INFORMATION SUPPLIED:
********

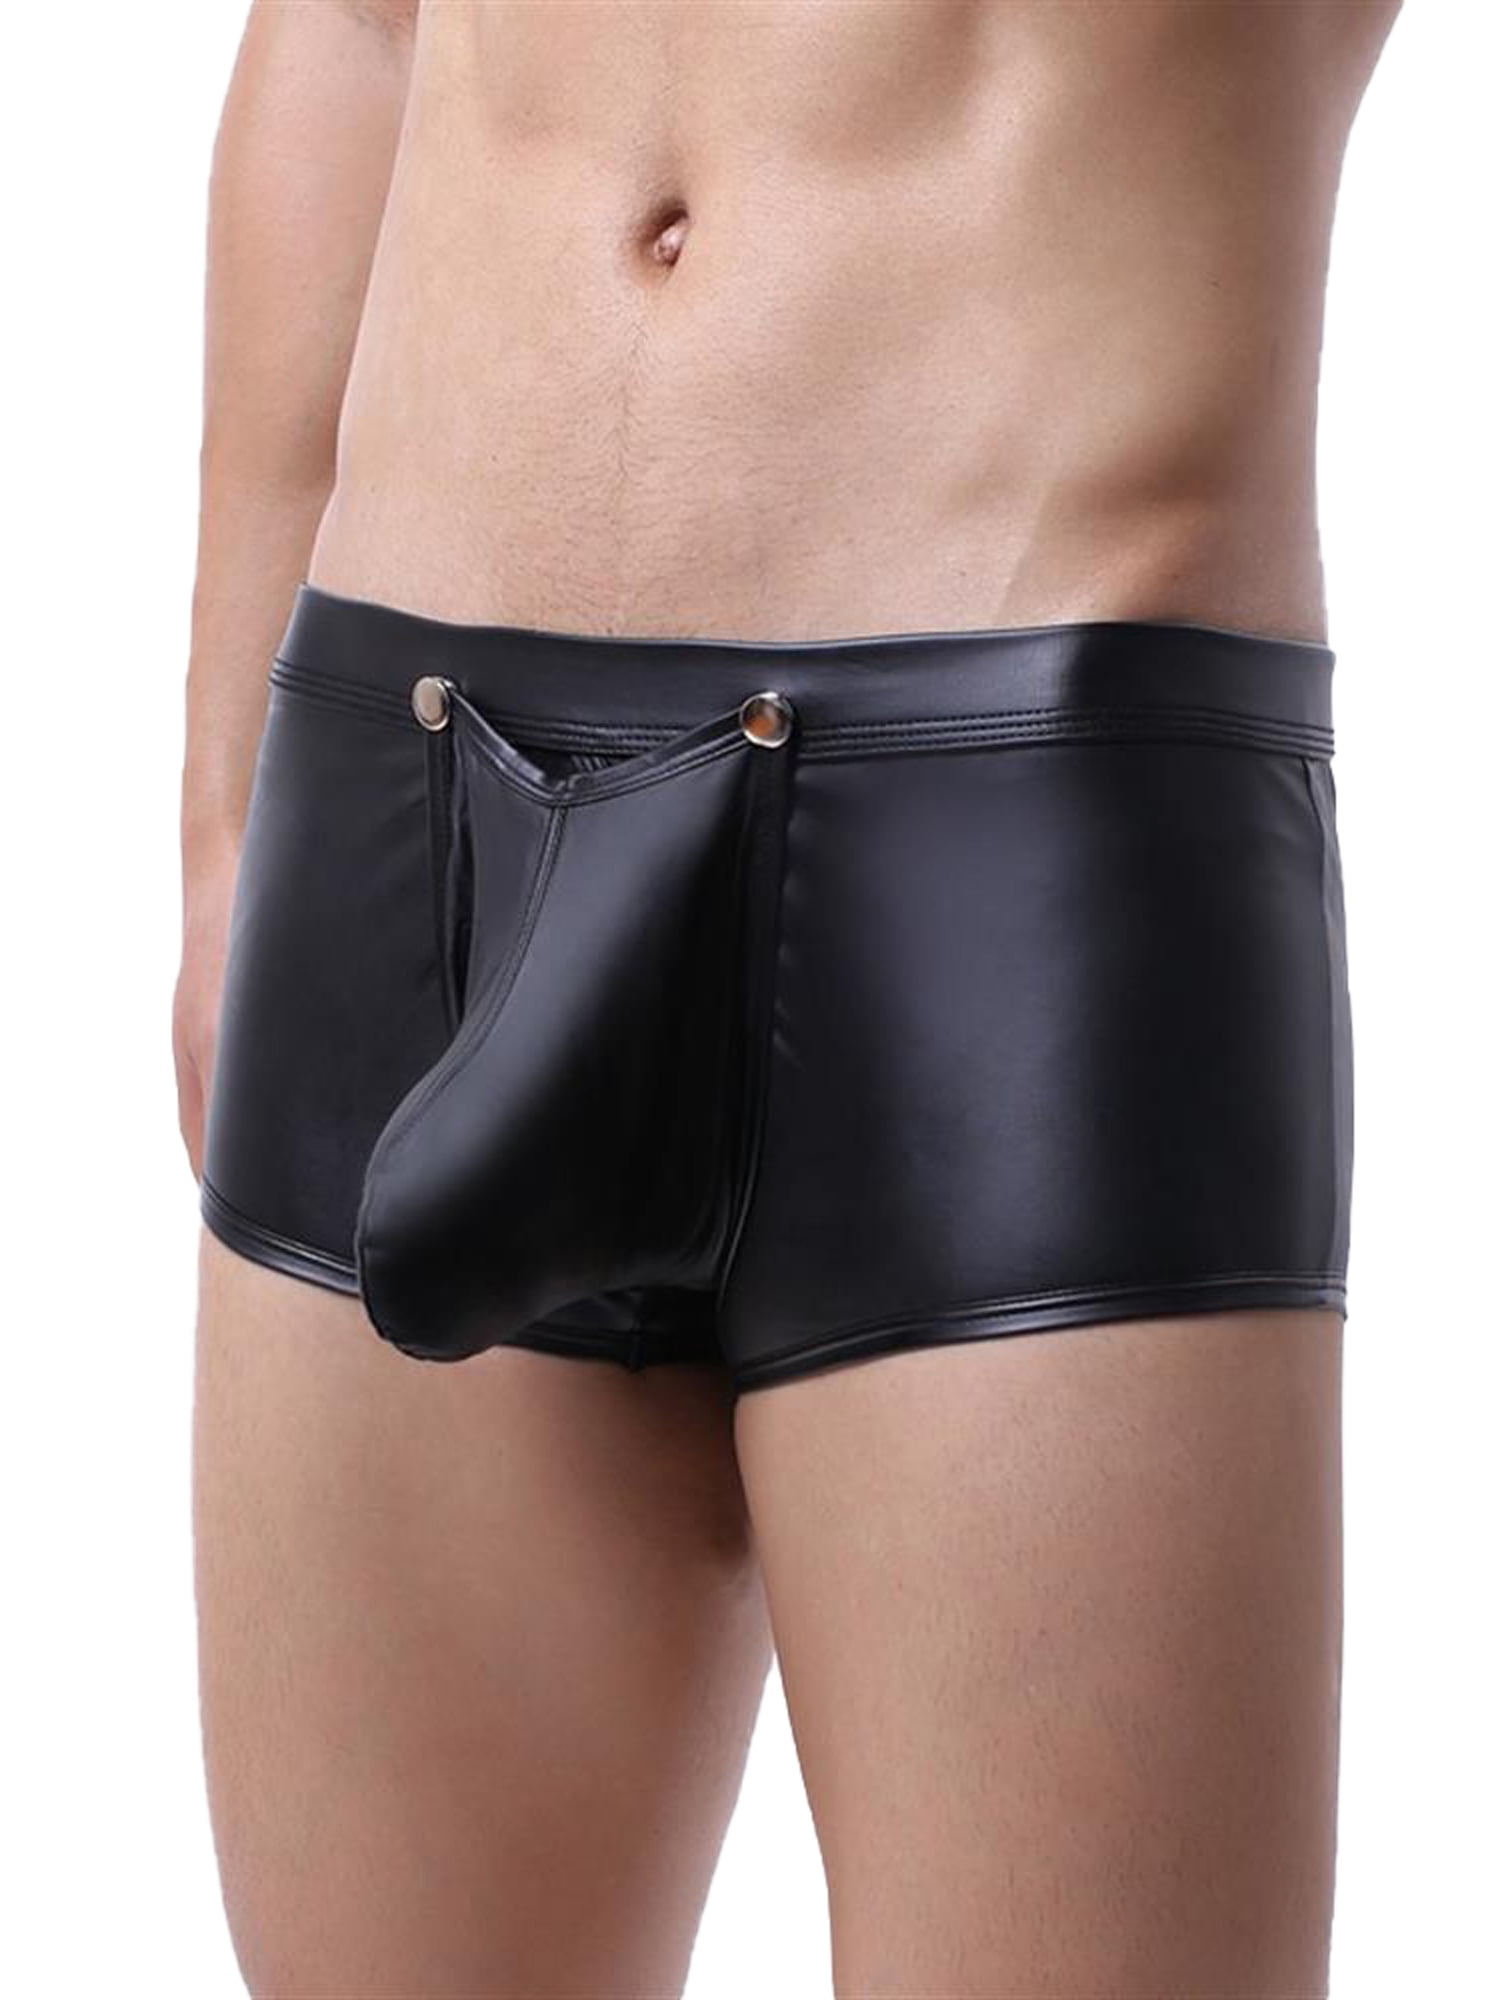 Mens Shiny Leather Underwear Trunks Pouch Pants Shorts Boxer Briefs Lingerie 
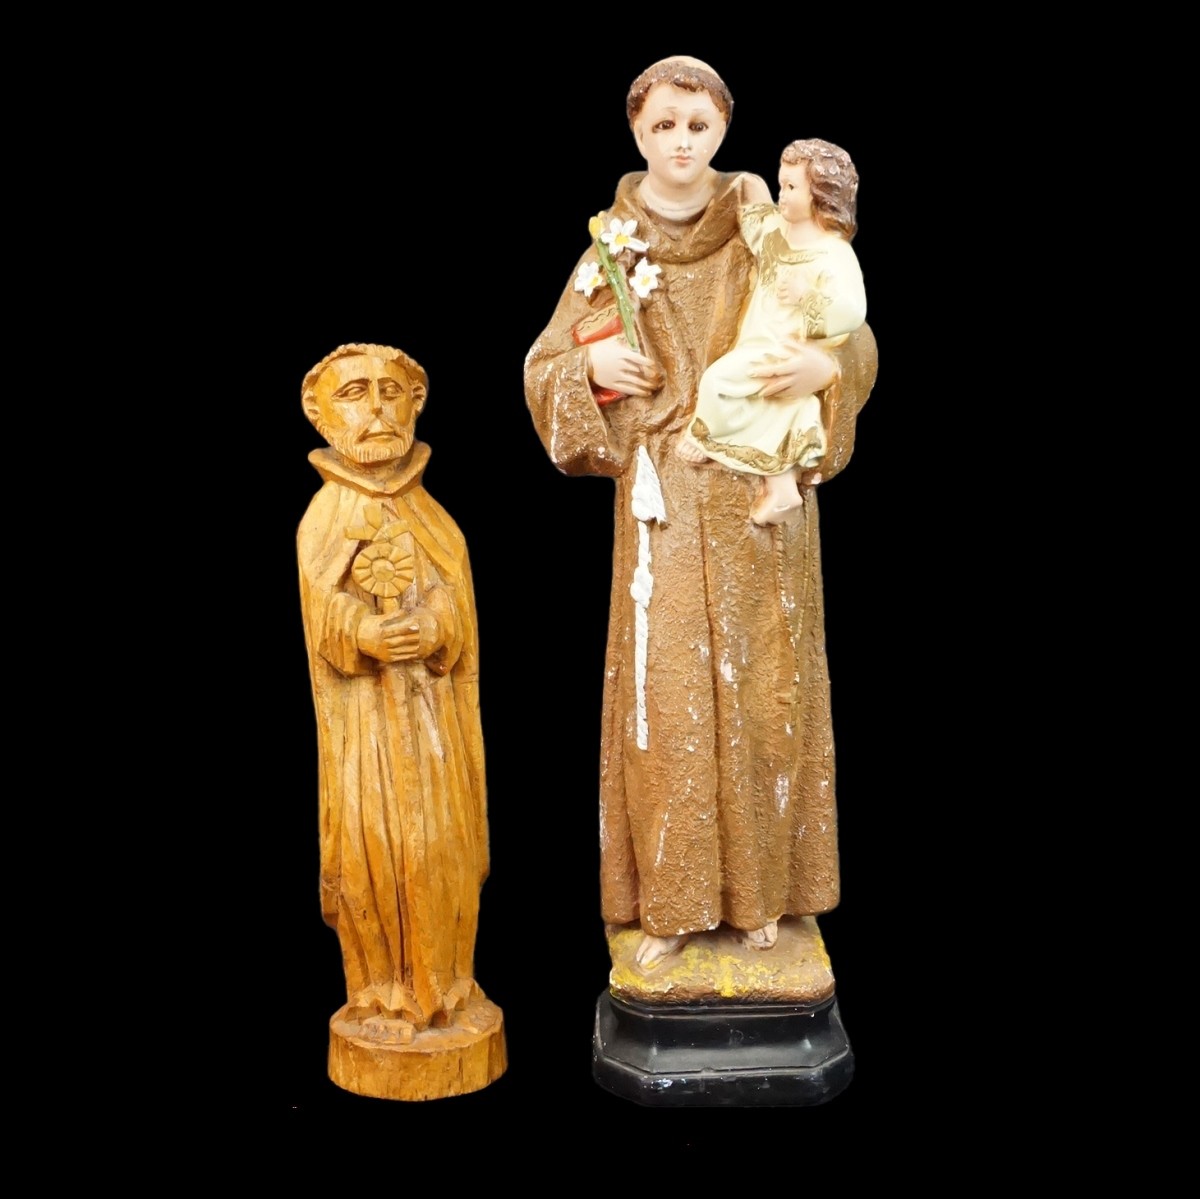 Four Santos Figurines
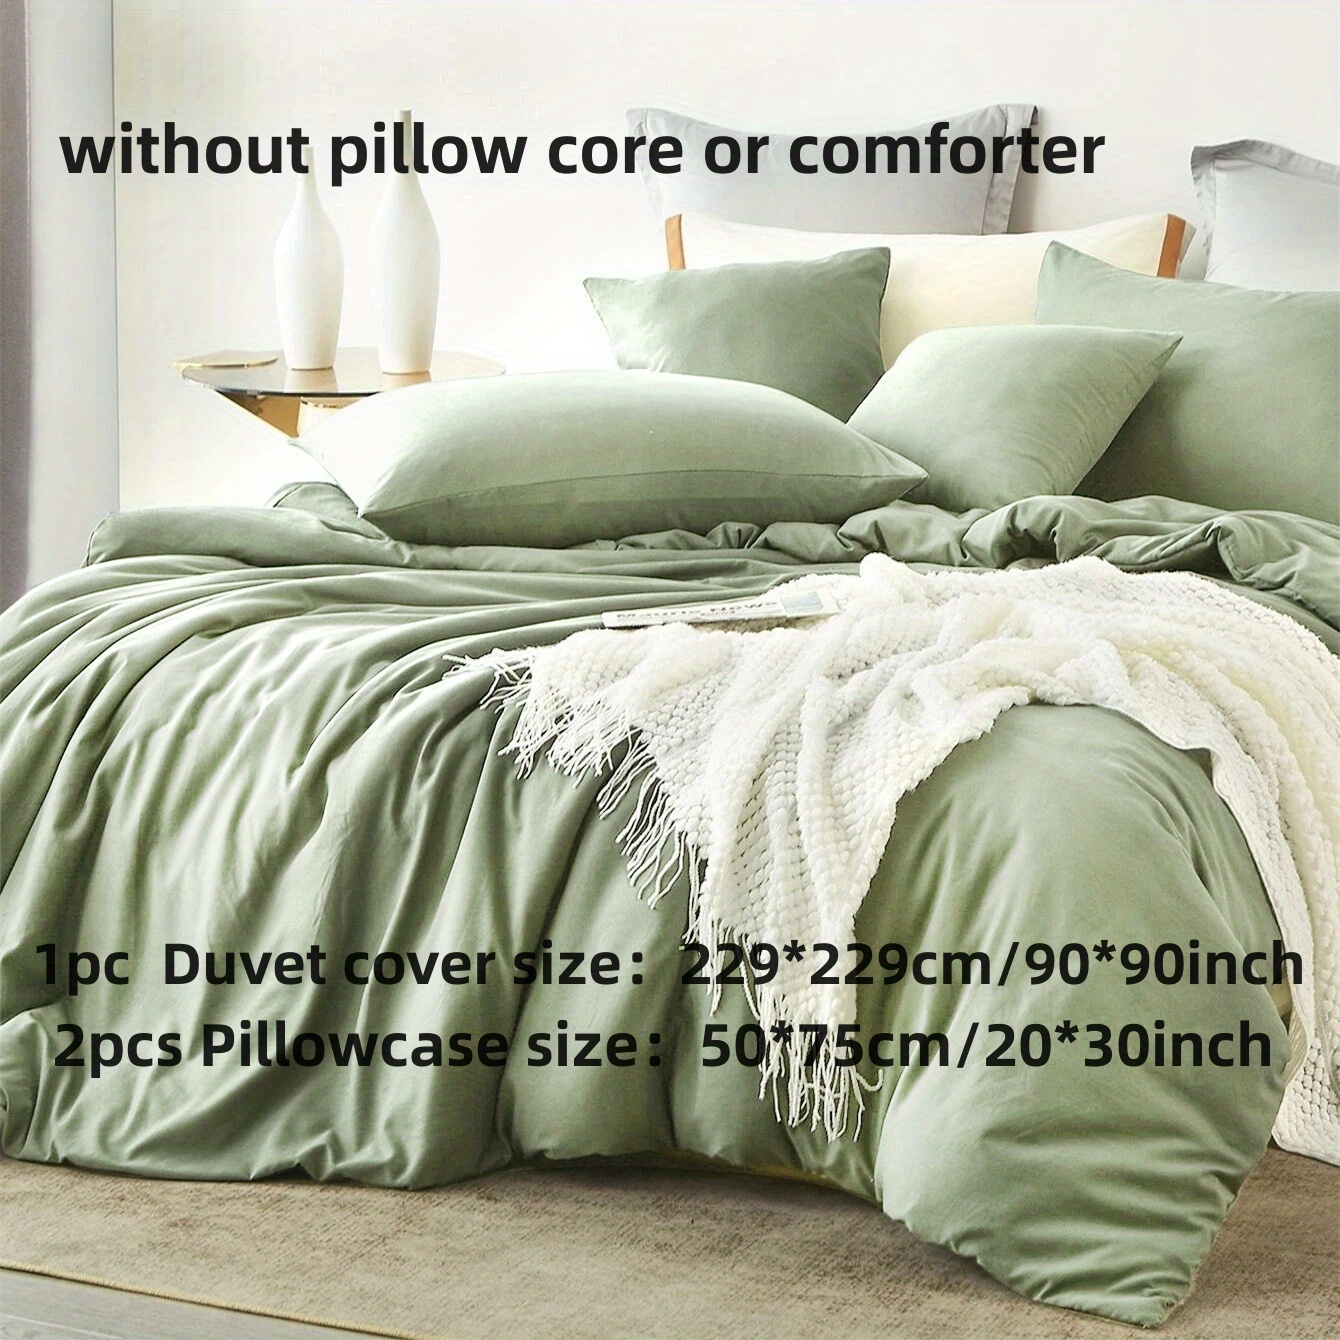 2/3pcs Brushed Solid Color Duvet Cover Set (1pc*Duvet Cover + 1pc/2pcs*Pillowcase, No Pillow Core)

********

EXERCISE REQUIREMENTS: Begin at the line containing "Four Santos Figurines" and copy every line through the end of the data above exactly, omitting the pictures.

SOLUTION TO THE PROBLEM:
 Four Santos Figurines
 2/3pcs Brushed Solid Color Duvet Cover Set (1pc*Duvet Cover + 1pc/2pcs*Pillowcase, No Pillow Core)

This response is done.